Plug in, click it on, set to taste, then play a few riffs while clicking it on and off. You won't hear any tone degradation at all. Not to mention that it's built like a freakin' fortified bunker and their customer service is absolutely top notch.


----------



## JacobShredder (Oct 9, 2010)

Difference between ISP Decimator regular and G-string? I was about to order a regular..


----------



## Rev2010 (Oct 9, 2010)

PerpetualGatman said:


> Wow i guess it's consensus that the Decimator G string owns all. BUT has anyone used/owns the Rocktron Guitar Silencer? I've heard that it's even better than the Decimator - as in no tone loss at all?



There is no tone loss at all with an ISP, zero. I have extremely finicky ears and can tell when the tone is effected even with gear that most rate as flawlessly not effecting the tone. The ISP does not affect the tone in any humanly noticeable way.


Rev.


----------



## Wookieslayer (Oct 9, 2010)

Can't wait til mine gets here! (isp decimator)

Thanks Rev


----------



## Rev2010 (Oct 9, 2010)

Wookieslayer said:


> Can't wait til mine gets here! (isp decimator)
> 
> Thanks Rev



My pleasure man! I know you'll love it 


Rev.


----------



## PerpetualGatman (Oct 9, 2010)

Thanks Rev and all  you've been more than helpful!


----------



## PerpetualGatman (Oct 9, 2010)

Despised_0515 said:


> Dude, unless you've got bat ears, you'll be more than happy with the Decimator.
> 
> Plug in, click it on, set to taste, then play a few riffs while clicking it on and off. You won't hear any tone degradation at all. Not to mention that it's built like a freakin' fortified bunker and their customer service is absolutely top notch.




LOL


----------



## Ketzer (Oct 10, 2010)

JacobShredder said:


> Difference between ISP Decimator regular and G-string? I was about to order a regular..




The regular one eats sustain and swallows up volume nuances and stuff. I'd only use the standard one if i was running a one-channel amp in balls-to-the-wall mode all the time. If I had more than one channel, I'd use the G. The Prorack G I use currently is, bar none, the best gear purchase I've ever made.


----------



## Rev2010 (Oct 10, 2010)

Ketzer said:


> The regular one eats sustain and swallows up volume nuances and stuff.

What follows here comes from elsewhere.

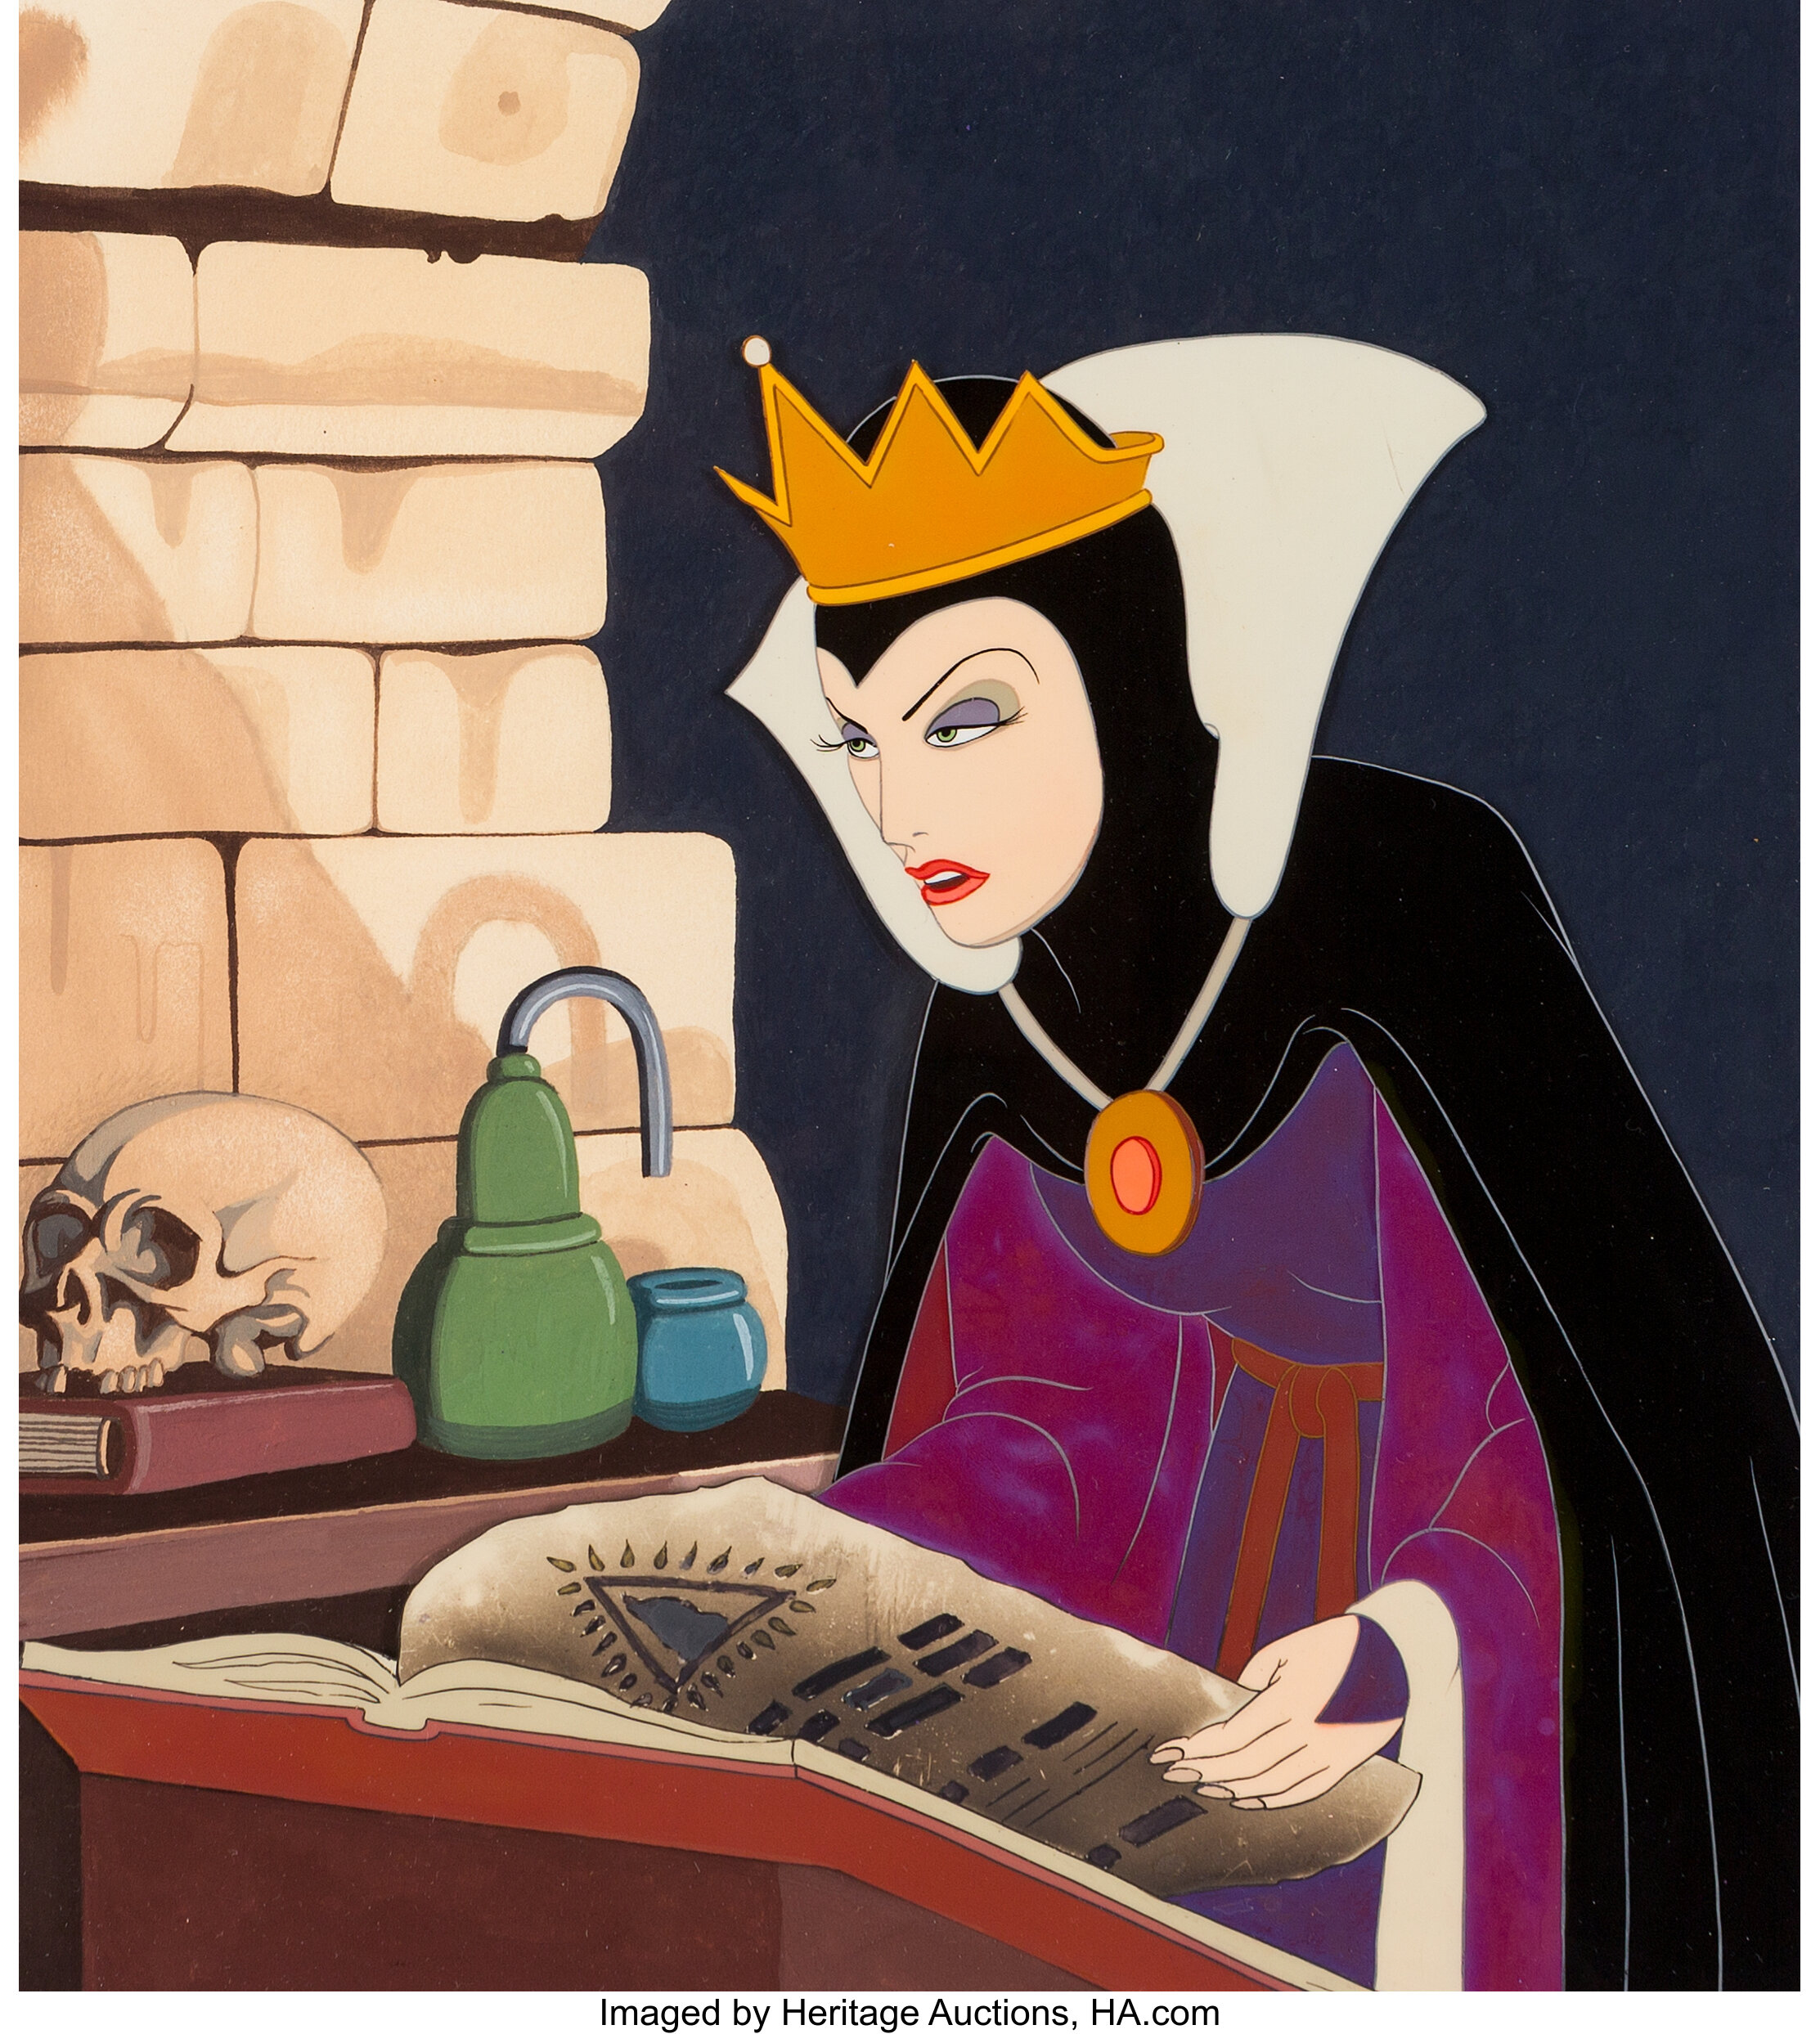 Snow White and the Seven Dwarfs Exceptional Evil Queen Production

Just so there's no confusion, if you set it for high gain then switch to clean then yes it will because it's threshold is set for the high gain channel, this is why I bought a G-string. You can simply turn the pedal off but I hate having to switch more than one pedal at a time (amp channel, preset, Decimator off). But, it does not kill sustain when on the same channel you set it for unless you roll back the volume knob then it will because you are now feeding in less signal then the threshold you set it for.


Rev.


----------



## 7 Strings of Hate (Oct 10, 2010)

I personally havent found a better gate than the ns-2. it gets the job done and doesnt rape my wallet.


----------



## Sepultorture (Oct 10, 2010)

7 Strings of Hate said:


> I personally havent found a better gate than the ns-2. it gets the job done and doesnt rape my wallet.



i tried like hell to get an NS-2 to work with a 6505, and it really didn't work out, tried different ways of patching it, settings on amp and pedal and it was beyond frustrating. the G string pedal on the other hand was instant FUCK YEAH, especially with just the one knob


----------



## Gallowsforgrace (Oct 12, 2010)

DECIMATOR IS THE BEST PEDAL IN EXISTENCE FOR METAL. HANDS DOWN.


----------



## Soulthief (Oct 12, 2010)

ISP Decimator ftw!

But i've got a very dumb question (i guess)... the best place to but the gate is in the fx loop. Only mine is already taken by my GT-10. I've got the input gt-10 -> send, output gt-10 - return and the guitar directly in the amp.. what whould be the best place to put my gate???


----------



## 4Eyes (Oct 12, 2010)

PerpetualGatman said:


> On a side note, how well does the Alesis iO2 work? Have been thinking about getting one of those lately too...



it's a decent audio interface, all necessary controls are on the fron panel, I like direct monitoring/USB mix control. good drivers with near zero latency, or better said not noticable latency. one of the best in the price range


----------



## Rev2010 (Oct 12, 2010)

Soulthief said:


> But i've got a very dumb question (i guess)... the best place to but the gate is in the fx loop. Only mine is already taken by my GT-10.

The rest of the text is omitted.